It looks like your query doesn't compute the count of each name grouped by city and state but rather the count of each id grouped by name, city and country. Assuming this is what you wanted, then the percents might be calculated like this:
SELECT count(N.ID) as NameCount
, count(N.ID) * 100.0 / (SELECT COUNT(*) FROM NAME WHERE Country = N.Country AND City = N.City) as NamePercent
, N.Name
, N.Country
, N.City
FROM NAME N
GROUP BY N.country, N.city, N.Name
Here's a test fiddle I've created for it: http://sqlfiddle.com/#!2/875026/1/0
For the second question - from the comments,
How to calculate AVE of name occurance across different cities grouped by a country.
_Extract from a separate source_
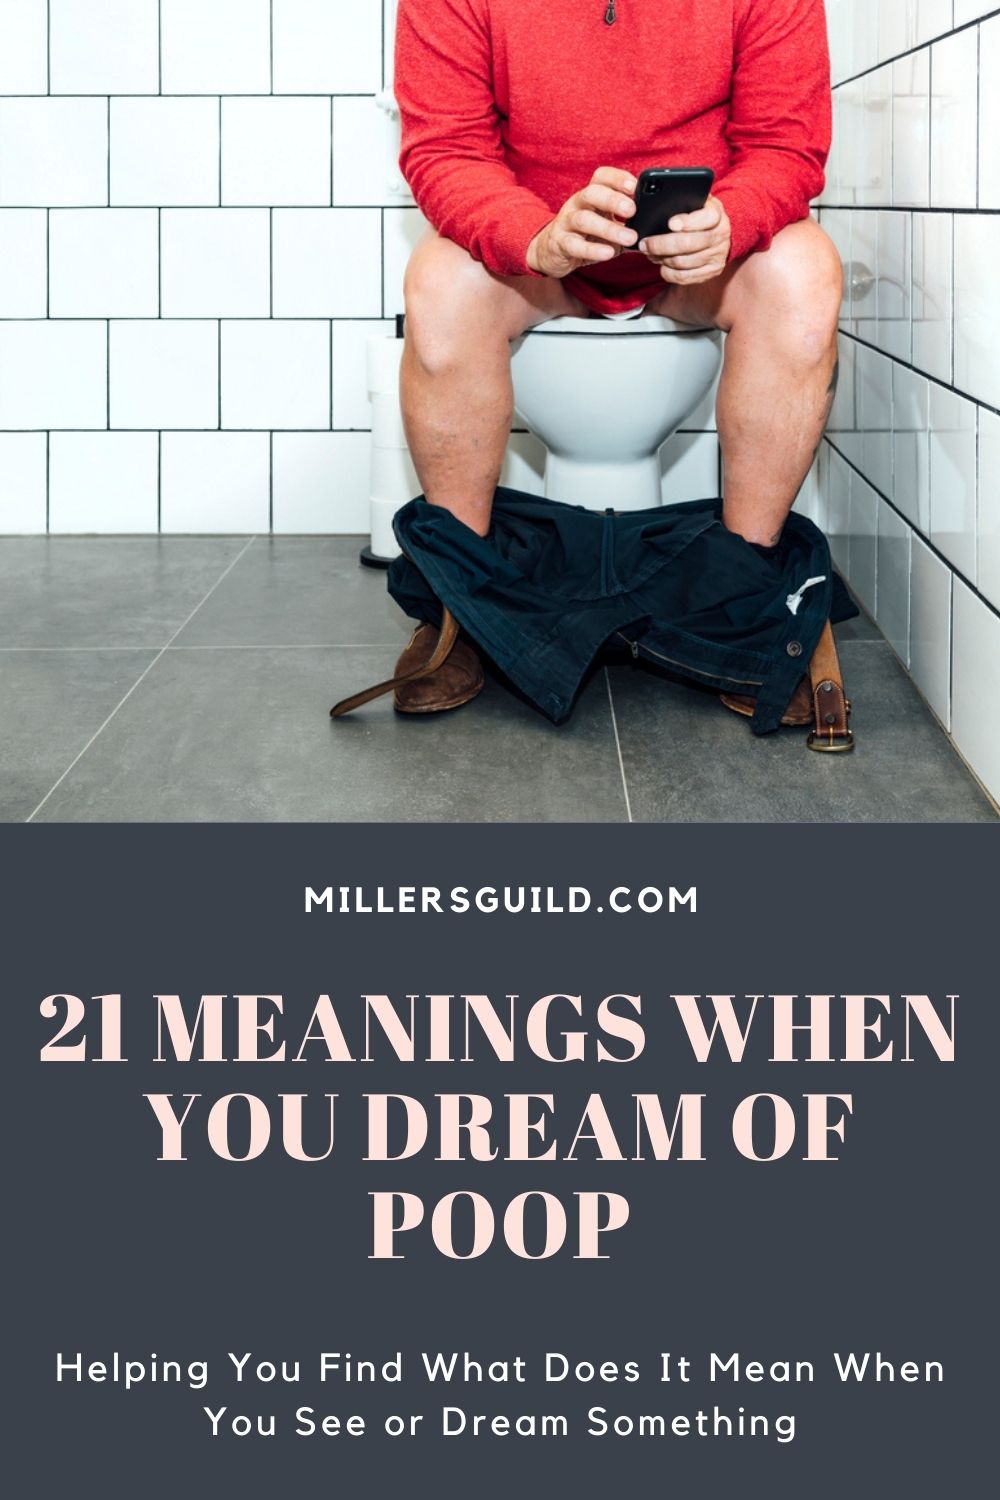 21 Meanings When You Dream of Poop 1
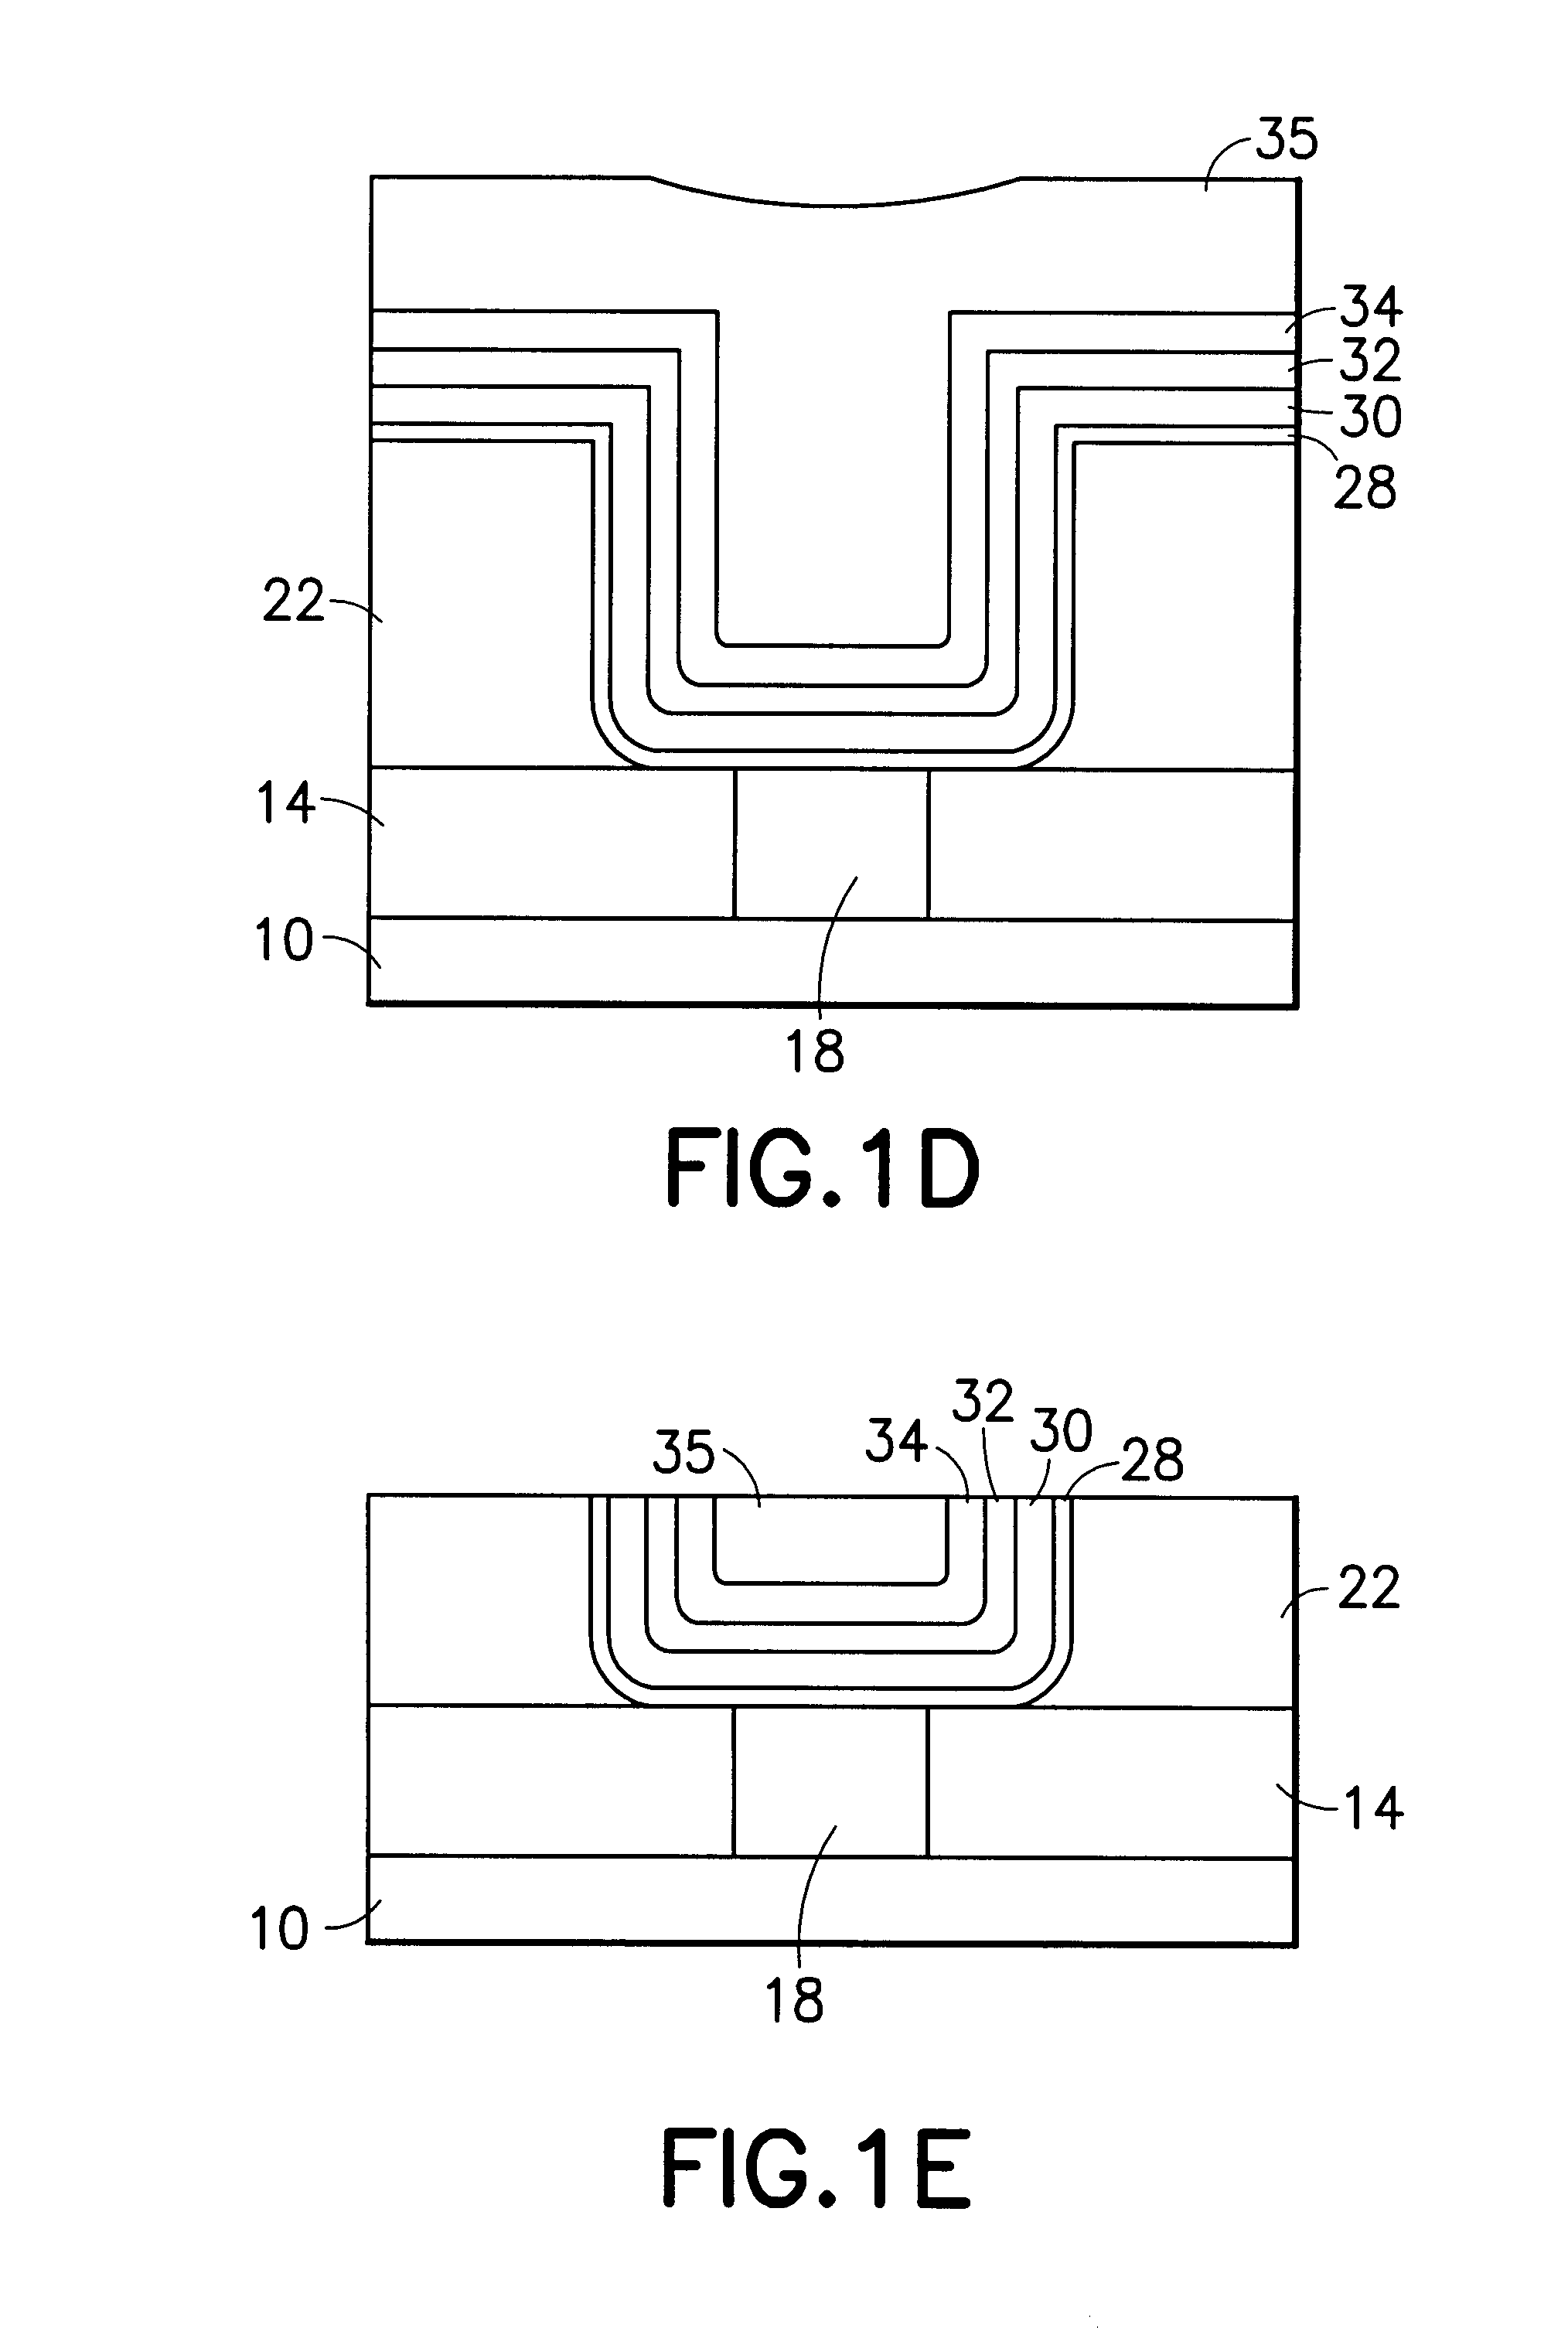 Compositions and structures for chemical mechanical polishing of FeRAM capacitors and method of fabricating FeRAM capacitors using same

For example: count of Mikes in NY-2, Chicago-4, LA-5. So ave for Mike in US is 3.6
You might do something like this:
SELECT Name
, Country
, AVG(NameCount) NameAvgAcrossCountry
FROM
(SELECT count(N.ID) as NameCount
, count(N.ID) * 100.0 / (SELECT COUNT(*) FROM NAME WHERE Country = N.Country AND City = N.City) as NamePercent
, N.Name
, N.Country
, N.City
FROM NAME N
GROUP BY N.country, N.city, N.Name) NamesQuery
GROUP BY Name, Country